Tale schema fondativo con la delimitazione di un’area sacra mediante aratura rituale era tipico della cultura italica fin dal III millennio a.C. e a Roma viene confermato sia dalla tradizione letteraria che dagli scavi moderni, che mostrano la presenza per almeno due secoli la presenza sul Palatino di un pomerio recintato di legno, circondato da uno “spazio di rispetto” senza altri edifici, a cui seguiva l’effettivo muro dell’insediamento.
Il ricordo di quel momento è rimasto anche in epoca storica, quando i romani eruditi indicavano con l’oscuro e simbolico termine di “Roma Quadrata” (probabilmente legato alla scienza augurale) quel piccolo spazio – ricompreso nel cuore di una metropoli di un milione di anime – in cui erano ricompresi i sacri luoghi della capanna di Faustolo, il fico Ruminalis (tra i cui rami si era arenata la culla degli infanti abbandonati nel fiume), il covile della lupa che aveva allattato i gemelli, l’abitazione del Flamine di Giove, le Curiae Veteres e quelle dei sacerdoti Salii.
L’atto fondativo di Romolo lega quindi la monarchia primigenia in un binomio perfetto tra potere regale e autorità sacerdotale, intesa come capacità augurale di leggere e interpretare il volere degli dèi.
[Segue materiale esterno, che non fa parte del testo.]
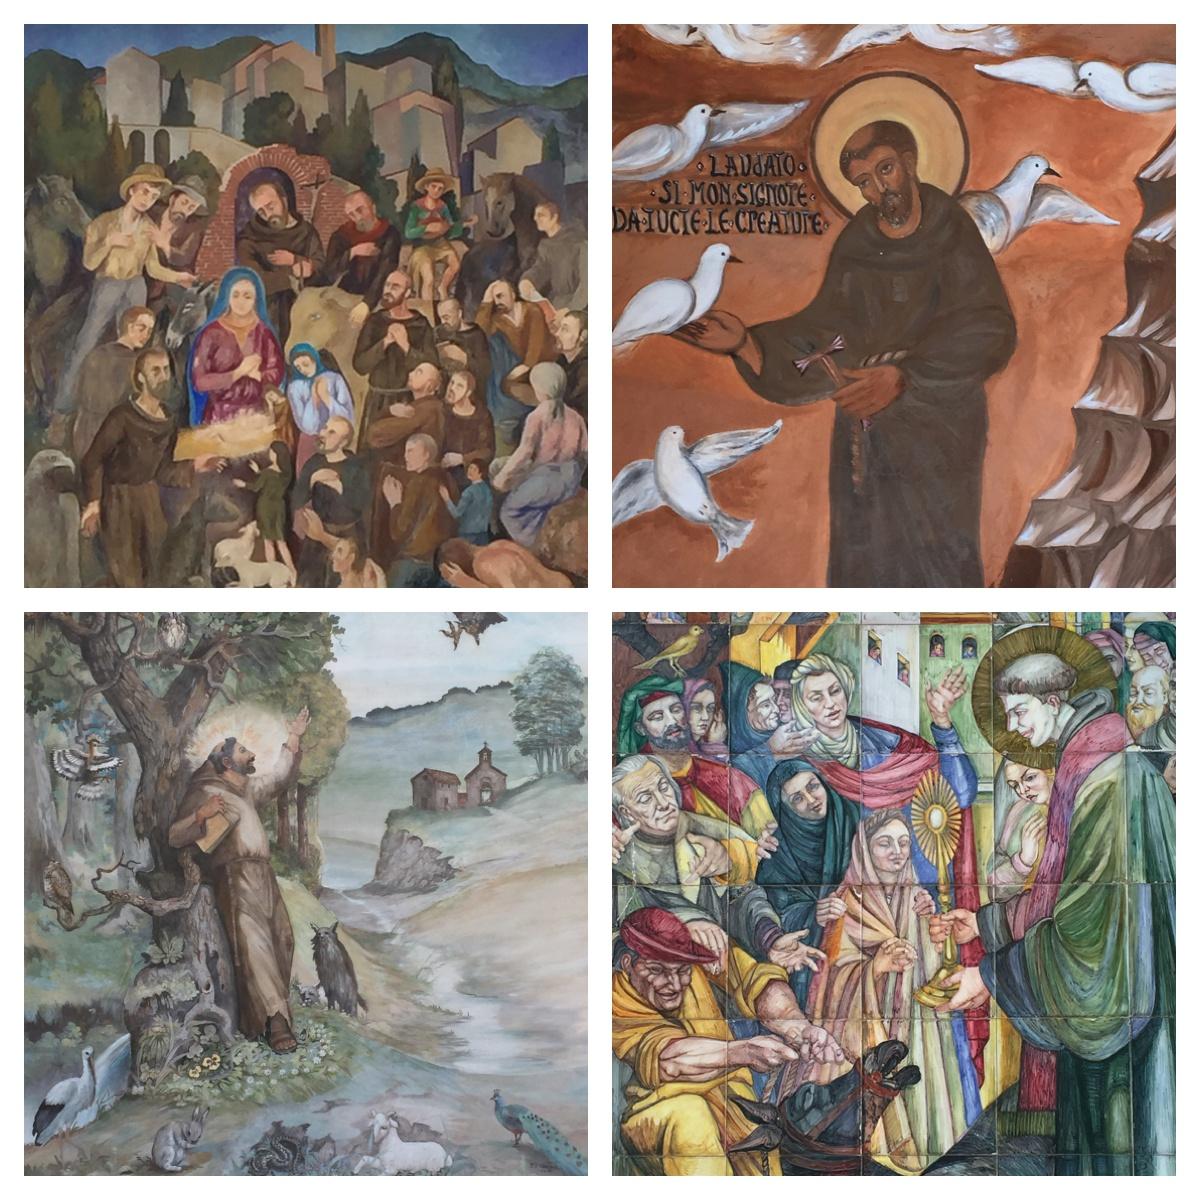 San Francesco in Greccio, een van de borghi più belli d'Italia

A loro, infatti, il primo re aveva rivolta un’invocazione mentre portava avanti la faticosa opera fondativa: Iuppiter, padre celeste, Mars pater, garante delle primavere sacre e infine Vesta mater, a cui era stato dedicato il primo fuoco dell’Urbe, acceso sull’altare posto sopra il mundus.
Tale schema verrà recuperato sette secoli dopo da Augusto, che in una profonda opera di riscoperta e valorizzazione del Mos Maiorum, letteralmente il costume degli antenati, legherà alla figura del detentore dell’imperium quella del pontifex maximus, unendo di nuovo il potere giuridico-politico-militare a quello sacrale nella figura del supremo reggitore dello Stato Romano. Significativo, in tal senso, che egli abbia operato affinché la sua casa privata sul Palatino si allargasse inglobando tutte le abitazioni private dei senatori, insistendo così da sola su tutta l’area che comprendeva l’antico pomerio romuleo, trasformandosi nel palazzo imperiale da cui i Cesari governarono l’Orbe fino alla caduta dell’Occidente.
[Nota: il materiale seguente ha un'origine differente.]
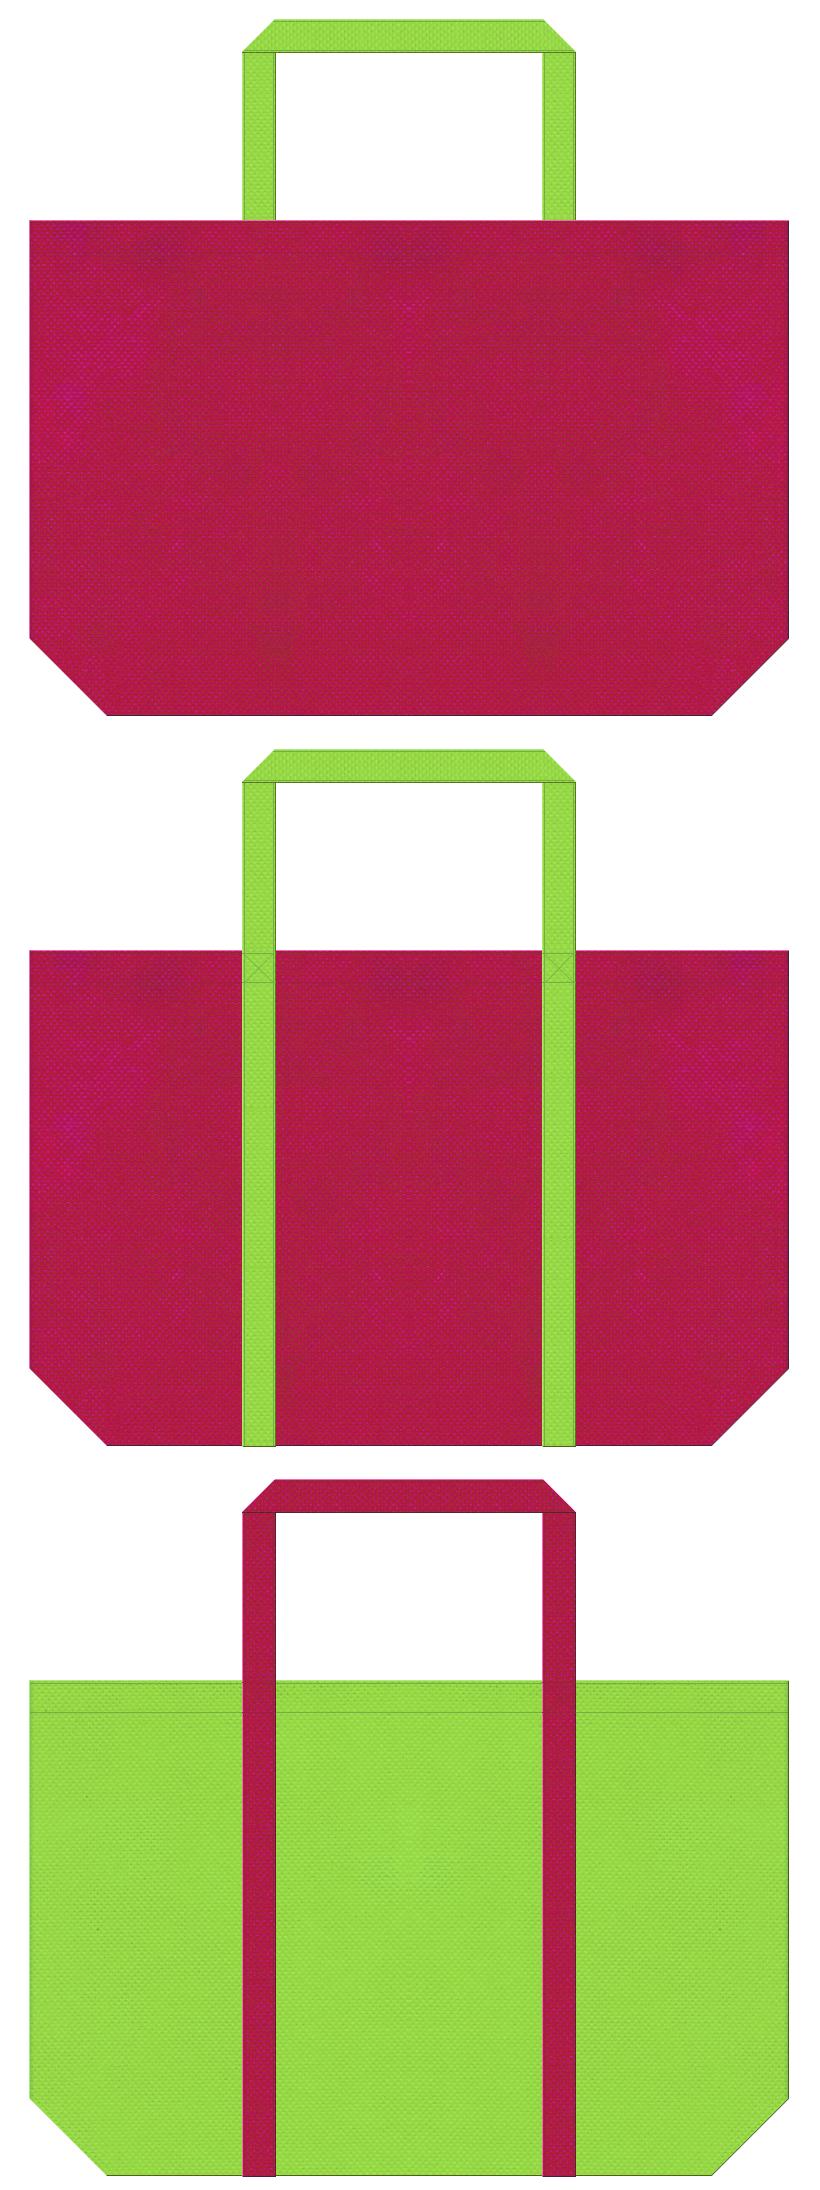 ロードレース・ドラゴンフルーツ・南国・トロピカル・カクテル・リゾート・フルーツのショッピングバッグにお奨めの不織布バッグデザイン:濃いピンク色と黄緑色のコーデ

Un ultimo elemento che voglio indagare in questa prima incursione nella Roma primitiva è il Lapis Niger. Scoperto da una serie di scavi del tardo XIX secolo condotti nell’area del Foro, a poca distanza dalla Curia Iulia, questa è un’area di marmo nero sotto la quale era posto un cippo in cui era presente una iscrizione religiosa in latino arcaico scritta con caratteri di derivazione greco-etrusca e andamento bustrofedico (alternativamente, da sinistra a destra e da destra a sinistra, come si muovono i buoi quando arano il campo) risalente alla metà del VI secolo a.C. che segnala un divieto di passaggio sull’area, pena la consacrazione agli dèi inferi. In pratica una vera e propria maledizione rivolta a chiunque avesse avuto l’ardire di violare quel sito ancestrale e misterioso.
Su questo luogo oscuro si lega la tradizione come luogo di sepoltura o di morte di Romolo. Questi, infatti, secondo alcuni “ascese” al cielo durante una notte di tempesta, trasformato in divinità, secondo altri venne assassinato dai senatori, irati con lui per il poco rispetto dimostrato verso il loro ruolo. Il Lapis Niger potrebbe essere stato eretto proprio ad indicare il passaggio più o meno violento del primo re dal mondo terreno a quello celeste.
Un altro segno tangibile in cui storia, leggenda e tradizione si fondono insieme nelle origini della Città Eterna.